Я не буду описывать, как делал Резерфорд научные доклады, мне они всегда очень нравились как по содержанию, так и по форме. Резерфорд придавал большое значение форме доклада и, по-видимому, тщательно к нему готовился. Он меня учил, как надо докладывать в Королевском обществе, и одно из его наставлений я помню до сих пор. «Поменьше показывайте диапозитивов, — говорил он. — Когда темно в зале, слушатели, пользуясь этим, покидают лекцию».
Резерфорда интересовали не только узконаучные вопросы, но и многое в окружающем его мире. Он читал и географические и исторические книги и любил рассказывать о прочитанном. Все он воспринимал с большим темпераментом, всегда извлекая сущность. Впоследствии, когда я стал членом колледжа и когда я провожал Резерфорда домой после воскресного обеда, мы часто дискутировали с ним на политические темы.

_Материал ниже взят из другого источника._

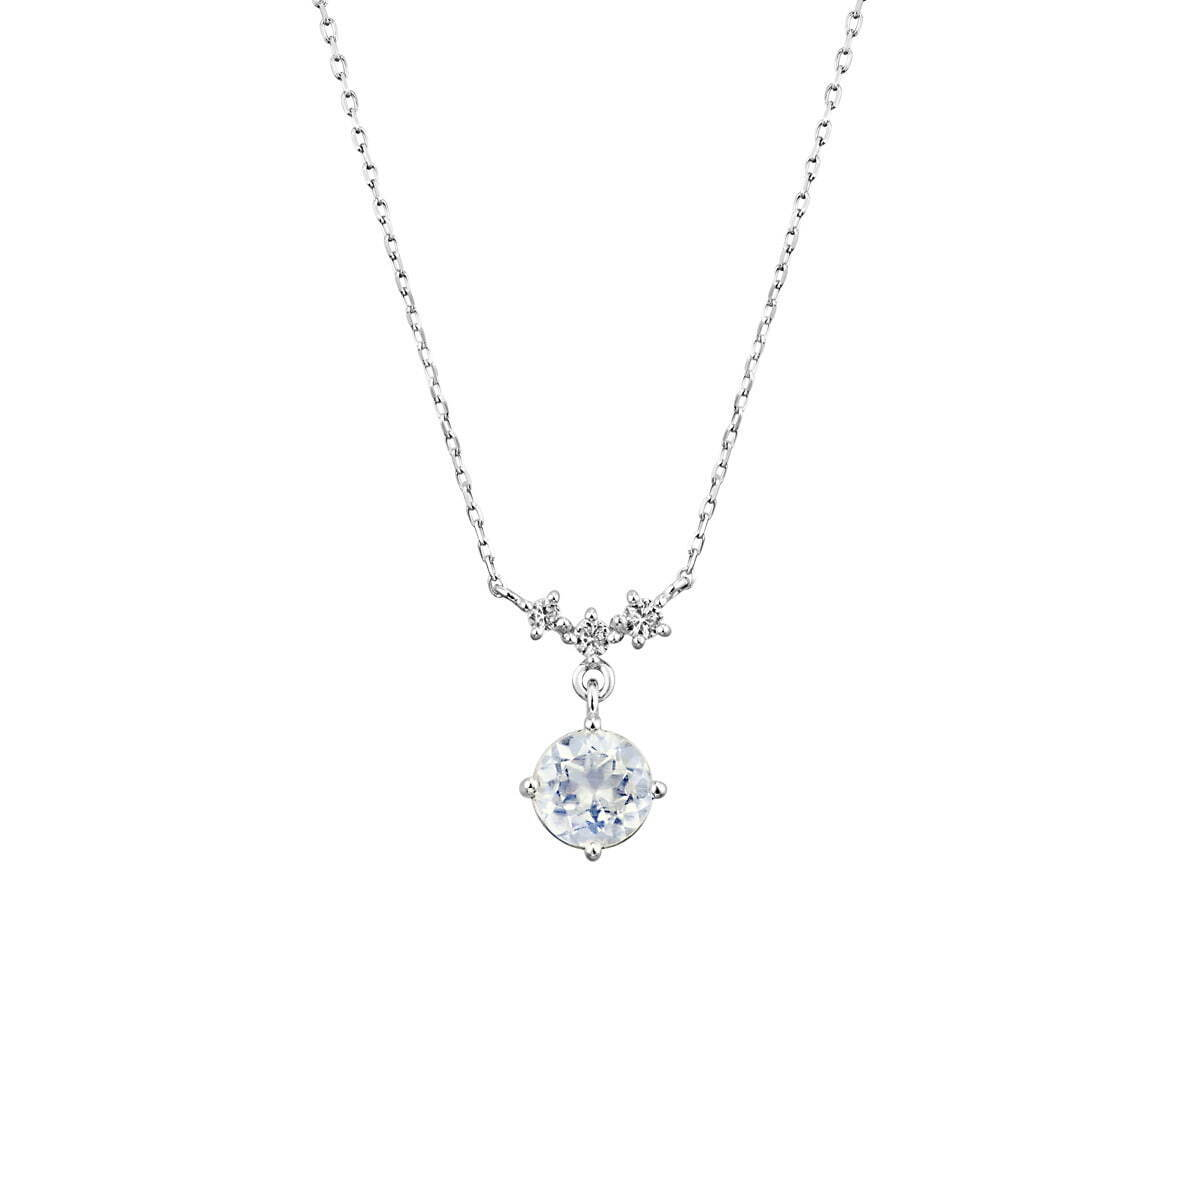 K10WG Necklace/Feldspar/Topaz 23,000円+税

В первый день, когда я начал работать в Кавендишской лаборатории, он неожиданно заявил мне, что не допустит, чтобы я занимался коммунистической пропагандой у него в лаборатории. Для меня тогда такое заявление было полной неожиданностью, оно меня и удивило, и поразило, и обидело. Несомненно, оно было следствием тогдашней острой политической борьбы и связанной с ней пропаганды. До приезда в Англию, в России, я был далек от того, что происходило в Европе, я так увлекался своей научной работой, что существовавшая тогда глубокая политическая рознь была мне непонятна. Впоследствии, завершив свою первую научную работу, я преподнес Резерфорду оттиск и сделал на нем надпись, что эта работа — доказательство того, что я пришел к нему работать, а не заниматься коммунистической пропагандой. Он сильно рассердился и вернул мне оттиск. Я это предвидел, и у меня был заготовлен другой оттиск с весьма подобающей надписью, который я и передал ему. По-видимому, Резерфорд оценил мою дальновидность, и инцидент был исчерпан. Для него была характерна быстрая вспыльчивость, но так же быстро он и отходил.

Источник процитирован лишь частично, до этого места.